There are, however, other statistical distributions, which show a substantially improved performance. A prominent example is featured by a gamma distribution (Fig. 1C). Indeed, the ROC plot shows now a pronounced bending toward the top left corner, indicative of a higher discriminative power (Fig. 1D, solid line). Of note, gamma-distributed activation kinetics of a T cell signaling protein were recently observed in a reconstituted signaling system (15). In general, gamma-distributed values constitute a good approximation of the sum of multiple exponentially distributed stochastic parameters, for example several rate-limiting steps in a signaling network, and could hence be regarded a consequence of kinetic proofreading in T cell activation (16).

Would tensile forces acting on the TCR–pMHC bond produce similar outcomes in the ROC plot? The answer depends on how the forces are exerted. Let us return to our Gedankenexperiment from the beginning. In experimental strategy 1 we considered the application of constant forces. At the molecular level, this approach would be analogous to a force clamp experiment. Under such conditions, the Bell model describes the unbinding kinetics well, which lead to exponentially distributed rupture forces (17): Hence there would be no major advantage over an experiment performed without force. In contrast, following experimental strategy 2., i.e., applying forces under constant velocity, affects the shape of the rupture time distribution (18), which resembles that of a gamma distribution (19). In other words, pulling or dragging at constant speed substantially improves the discriminative power of the antigen recognition process without any major penalty for sensitivity.

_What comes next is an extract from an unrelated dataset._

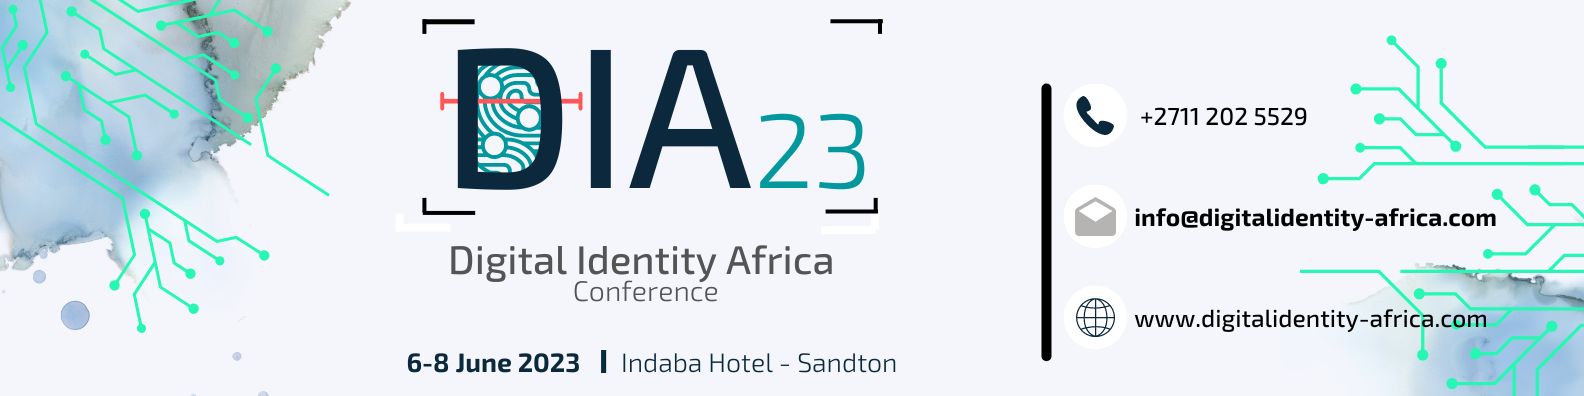 Digital Identity Africa Conference 2023
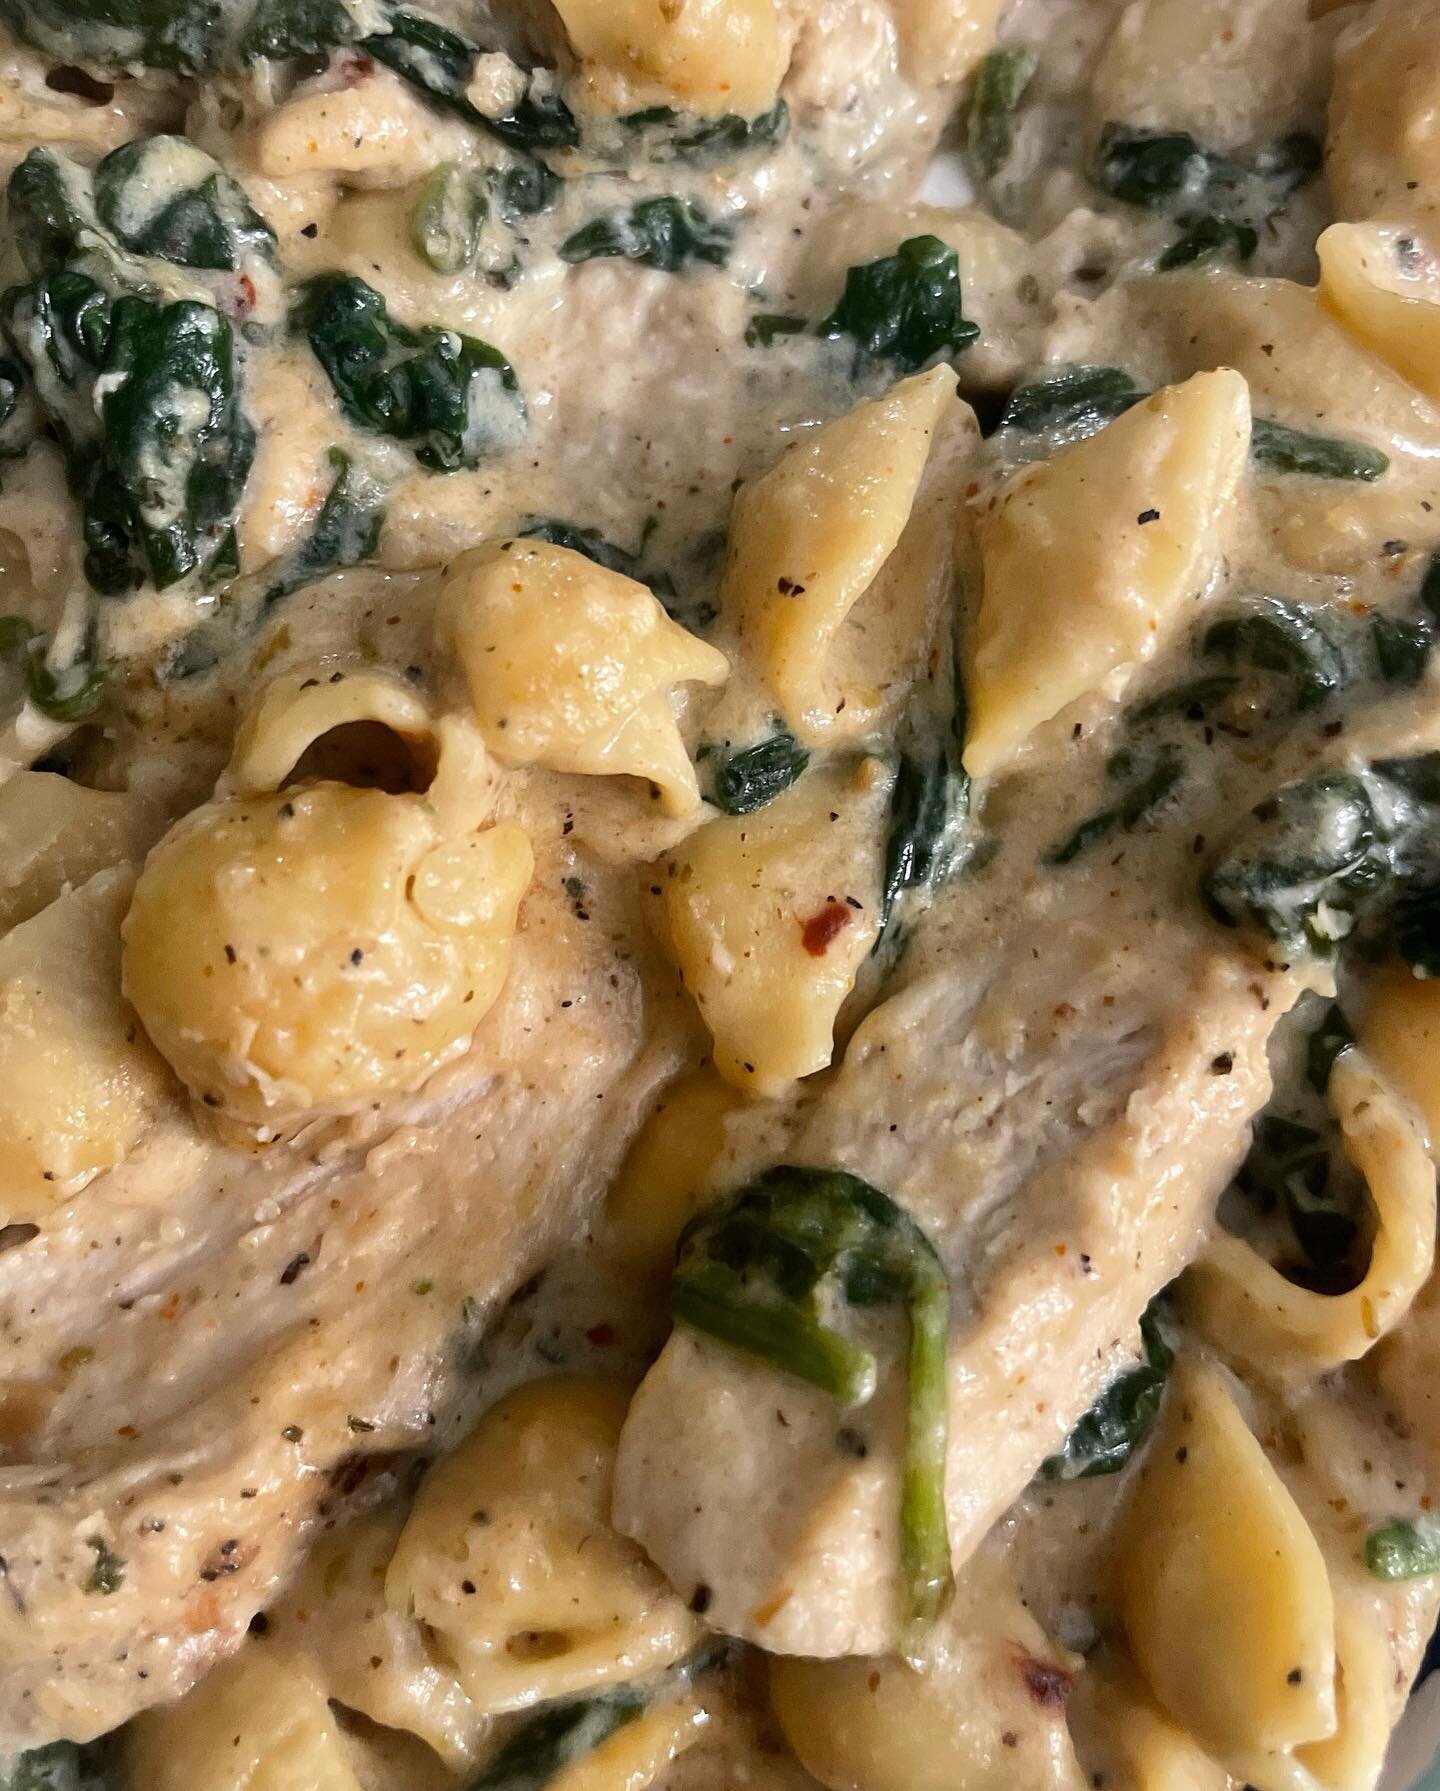 New plate alert 🚨 CHICKEN ALFREDO PASTA ON SALE! Ready for pickup on Sunday. Make sure to order through our website jordiesjoint.com in bio. #jordiesjoint #losangeles #laplates #lacatering

By placing slip bonds back into the spotlight, the study by Limozin et al. (13) adds important arguments to the ongoing discussion regarding the role of forces in T cell antigen recognition. Interestingly, experimental outcomes suggested a relevant force range between 5 pN and 10 pN, which is somewhat lower than was previously measured for the peak of typical TCR–pMHC catch bonds.

What now remains is a lot of work ahead of us: 1) How T cells and also APCs exert forces on single TCR–pMHC bonds, 2) whether (and how) such forces affect the signaling mechanisms underlying T cell recognition, and 3) whether (and how) coreceptors contribute to force-based antigen discrimination are truly relevant questions for future studies. Even partial answers will be invaluable for in-depth understanding of the T cell compartment in health and disease and thus hold many promises for the rational development of T cell-based therapies to combat cancer and autoimmunity. Yet also from a purely academic point of view, shedding light on these issues appears intellectually highly rewarding especially when comparing diverse physiological T cell scenarios ranging from T cell selection in the thymus to T cell effector phases executed by terminally differentiated T cells in the periphery. After all, context matters in biology more than in any other scientific discipline, from the level of the whole organism down to the level of individual molecules.